• **Work order**:
All that is needed is an exact repetition of the lines from the one containing "Wasserball im pool Stockfotografie - Alamy" through the final line of the material, without pictures.

• **Data section**:
┄┄┄┄┄┄┄┄┄┄

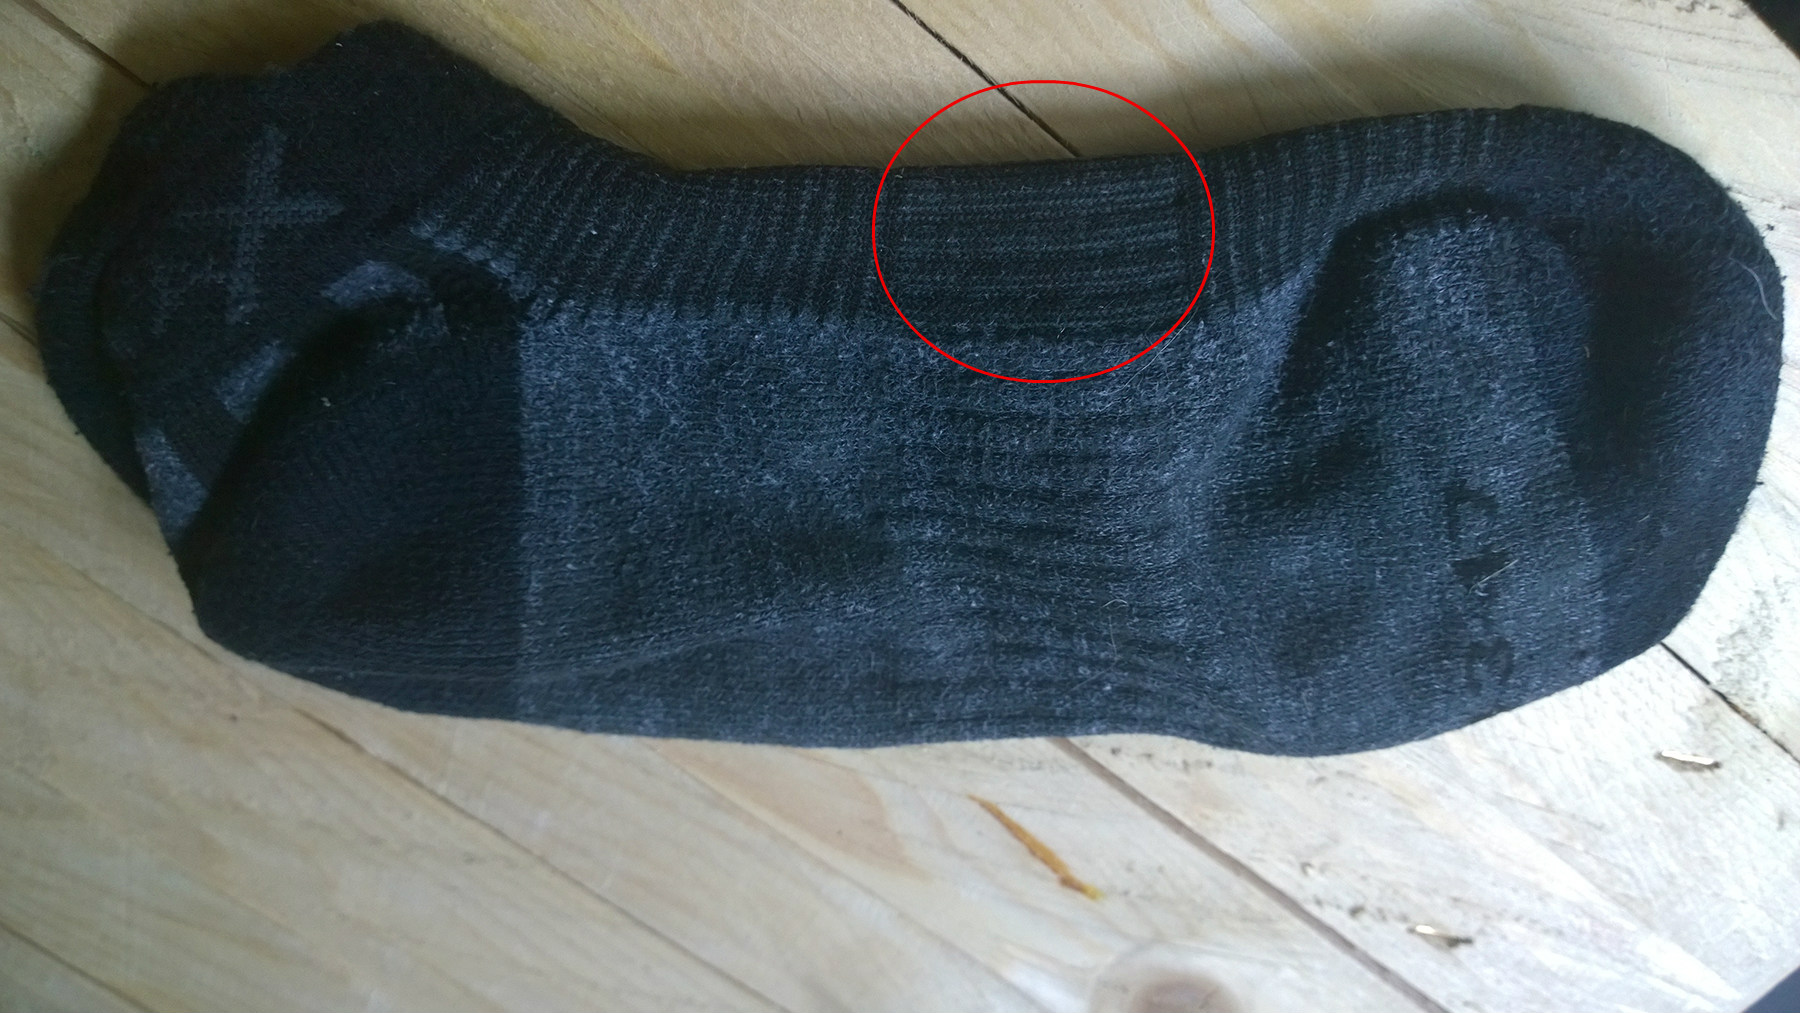 sherpa x ponožky so spevnenou nartovou časťou
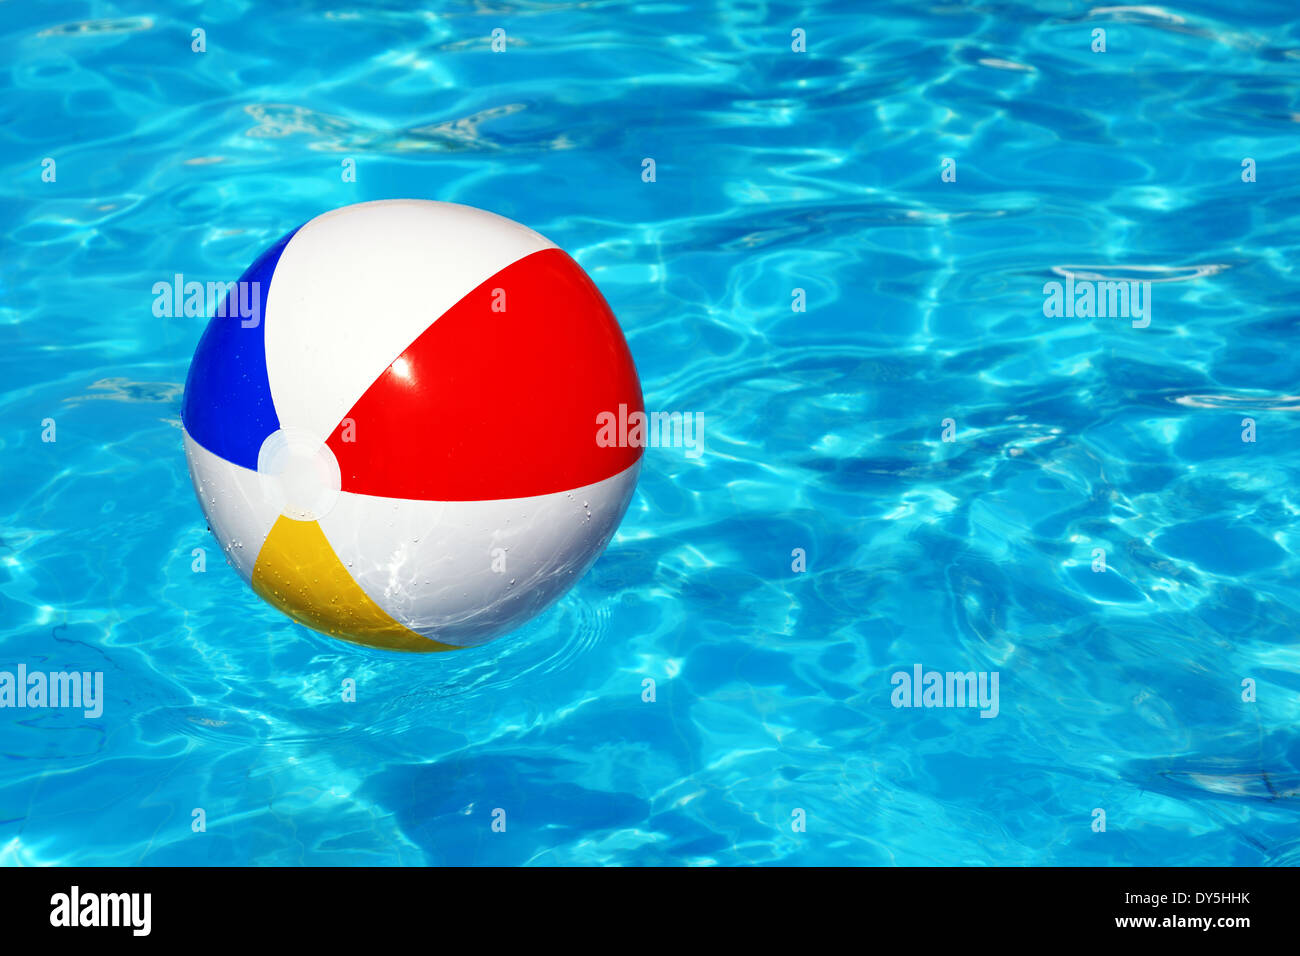 Wasserball im pool Stockfotografie - Alamy
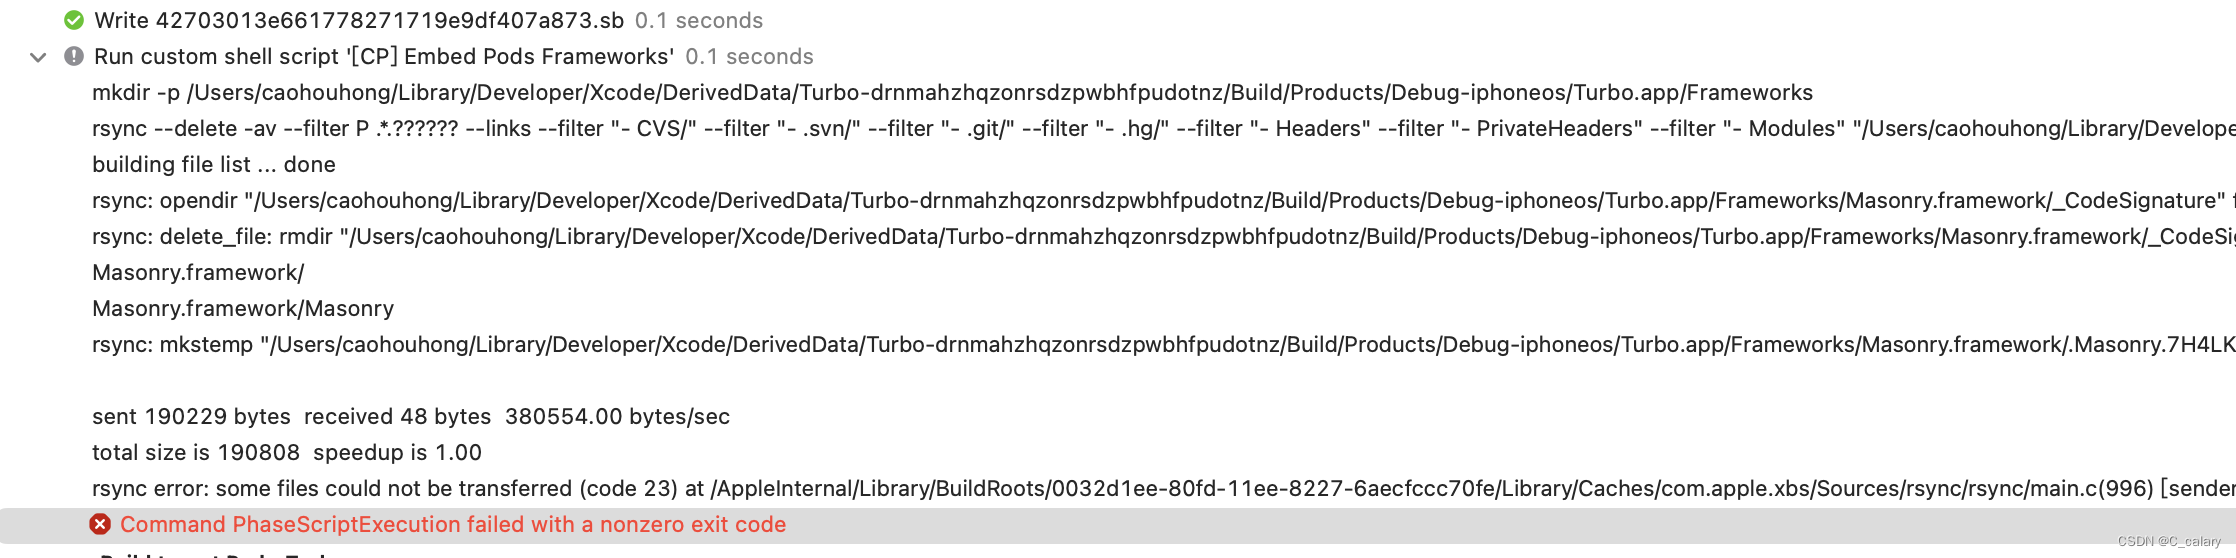 Xcode15 升级问题记录

┄┄┄┄┄┄┄┄┄┄

• **Answer space**:
 Wasserball im pool Stockfotografie - Alamy
 Xcode15 升级问题记录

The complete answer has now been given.